How to get average marginal effects (AMEs) with standard errors of a multinomial logit model?

I want to get the average marginal effects (AME) of a multinomial logit model with standard errors. For this I've tried different methods, but they haven't led to the goal so far.
Best attempt
My best attempt was to get the AMEs by hand using mlogit which I show below.
library(mlogit)
ml.d <- mlogit.data(df1, choice="Y", shape="wide") # shape data for `mlogit()`
ml.fit <- mlogit(Y ~ 1 | D + x1 + x2, reflevel="1", data=ml.d) # fit the model
# coefficient names
c.names <- all.vars(ml.fit$call)[2:4]
# get marginal effects
ME.mnl <- sapply(c.names, function(x)
stats::effects(ml.fit, covariate=x, data=ml.d),
simplify=FALSE)
# get AMEs
(AME.mnl <- t(sapply(ME.mnl, colMeans)))
# 1 2 3 4 5
# D -0.03027080 -0.008806072 0.0015410569 0.017186531 0.02034928
# x1 -0.02913234 -0.015749598 0.0130577842 0.013240212 0.01858394
# x2 -0.02724650 -0.005482753 0.0008575982 0.005331181 0.02654047
I know these values are the correct ones. However, I could not get the correct standard errors by simply doing the columns' standard deviations:
# standard errors - WRONG!
(AME.mnl.se <- t(sapply(E.mnl, colSdColMeans)))

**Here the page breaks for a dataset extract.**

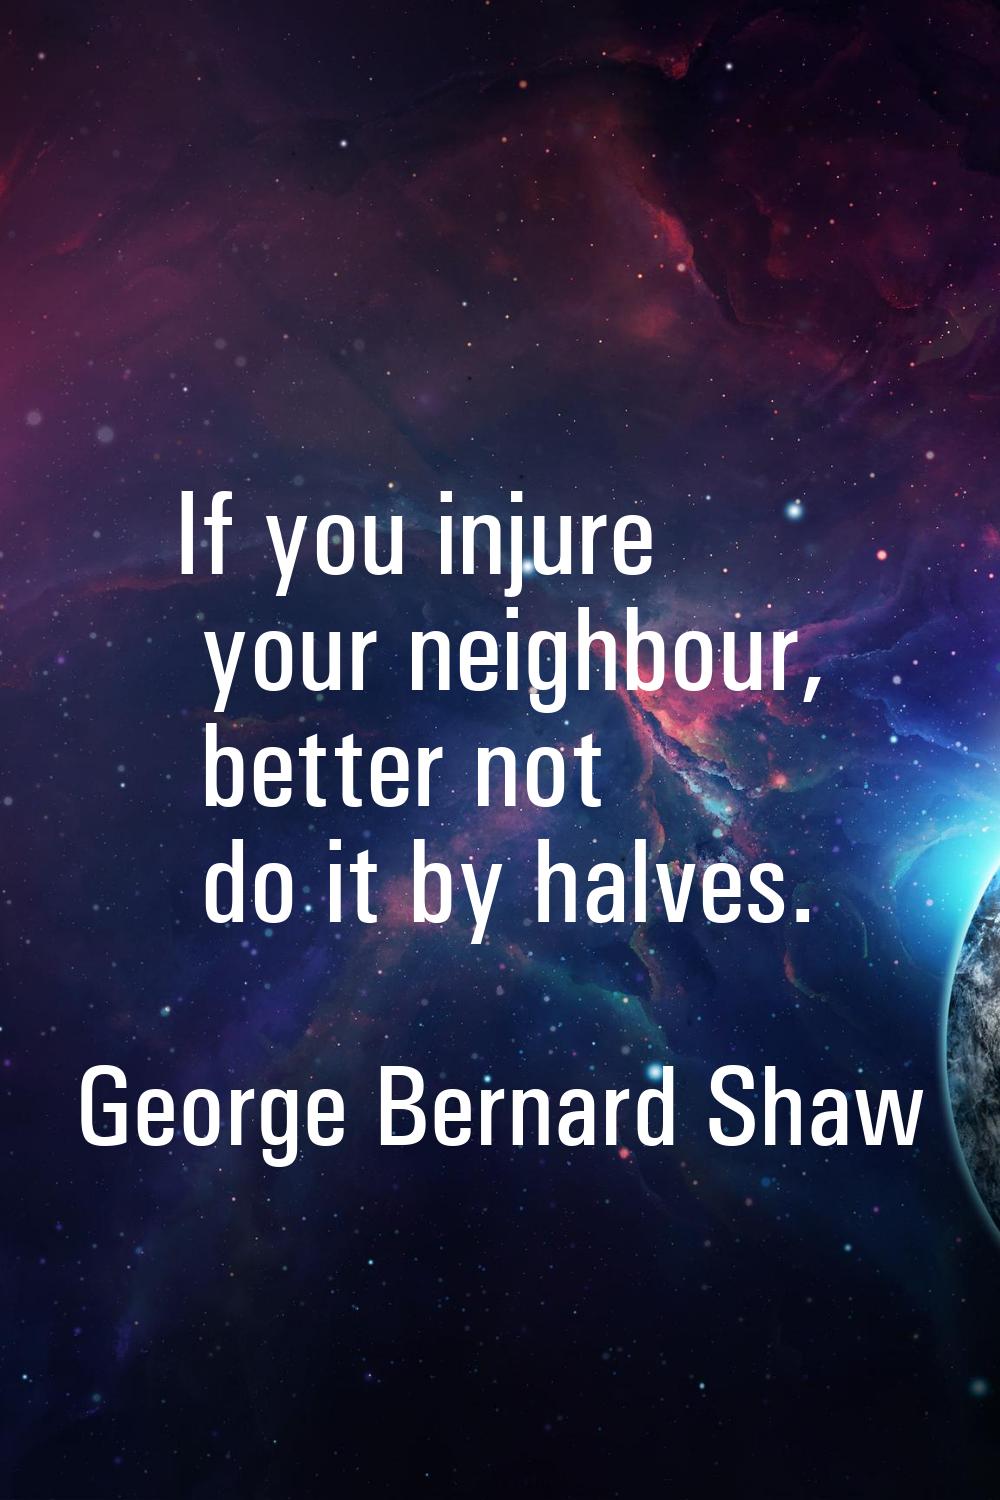 If you injure your neighbour, better not do it by halves.
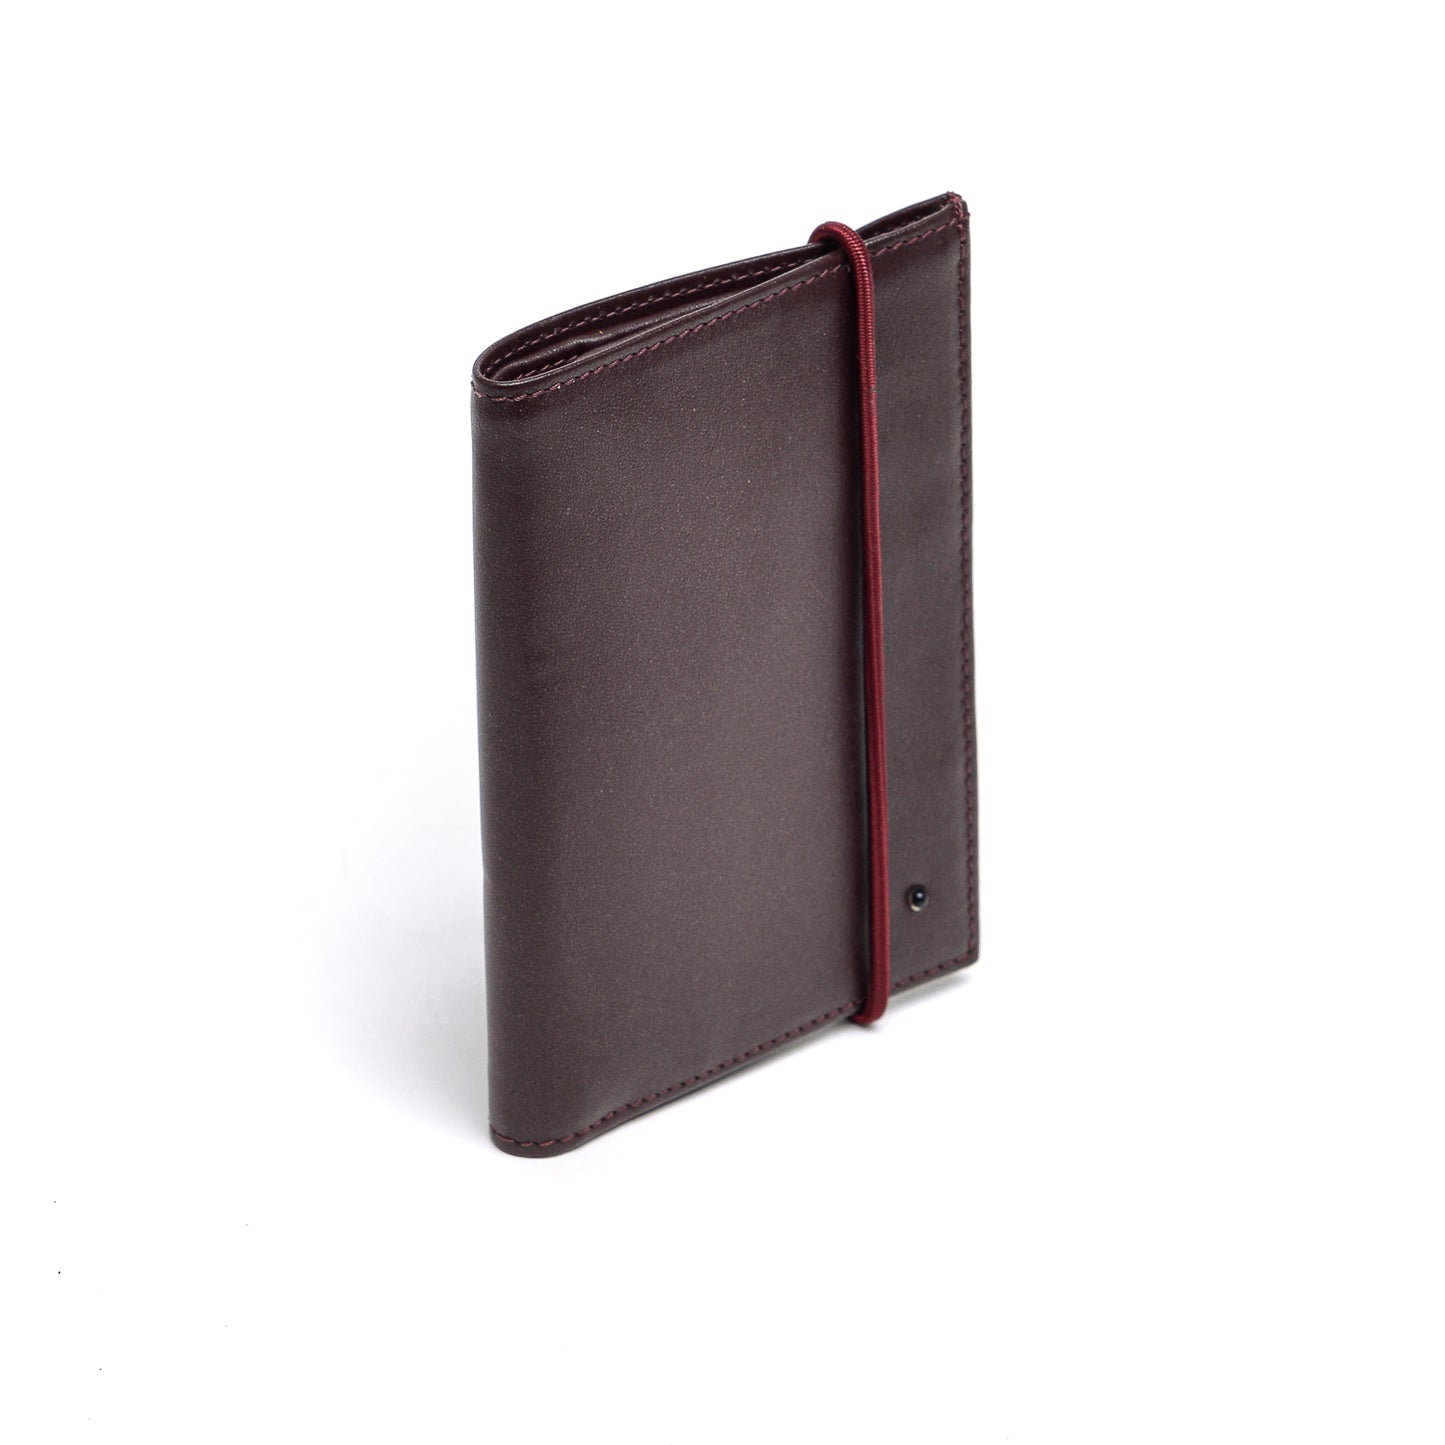 Classic Folding Wallet 1 side Leather Bordeuax

(Note: colSdColMeans() for columns' SD is provided here.)
Accordingly this also led me to the wrong t-values:
# t values - WRONG!
AME.mnl / AME.mnl.se
# 1 2 3 4 5
# D -0.7110537 -0.1615635 0.04013228 0.4190057 0.8951484
# x1 -0.7170813 -0.2765212 0.33325968 0.3656893 0.8907836
# x2 -0.7084573 -0.1155825 0.02600653 0.1281190 0.8559794
Whereas I know the correct t-values for this case are these:
# D -9.26 -1.84 0.31 4.29 8.05
# x1 -6.66 -2.48 1.60 1.50 3.22
# x2 -2.95 -0.39 0.06 0.42 3.21
I learned that there should be a "delta method", but I only found some code for a very special case with interactions at Cross Validated.
Failed attempts
1.) Package margins doesn't seem to be able to handle "mlogit"
objects:
library(margins)
summary(margins(ml.fit))
2.) There's another package for mlogits, nnet,
library(nnet)
ml.fit2 <- multinom(Y ~ D + x1 + x2, data=df1)
summary(ml.fit2)
but margins can't handle this correctly either:
> summary(margins(ml.fit2))
factor AME SE z p lower upper
D -0.0303 NA NA NA NA NA
x1 -0.0291 NA NA NA NA NA
x2 -0.0272 NA NA NA NA NA
3.) There's also a package around that claims to calculate "Average Effects for Multinomial Logistic Regression Models",
library(DAMisc)
mnlChange2(ml.fit2, varnames="D", data=df1)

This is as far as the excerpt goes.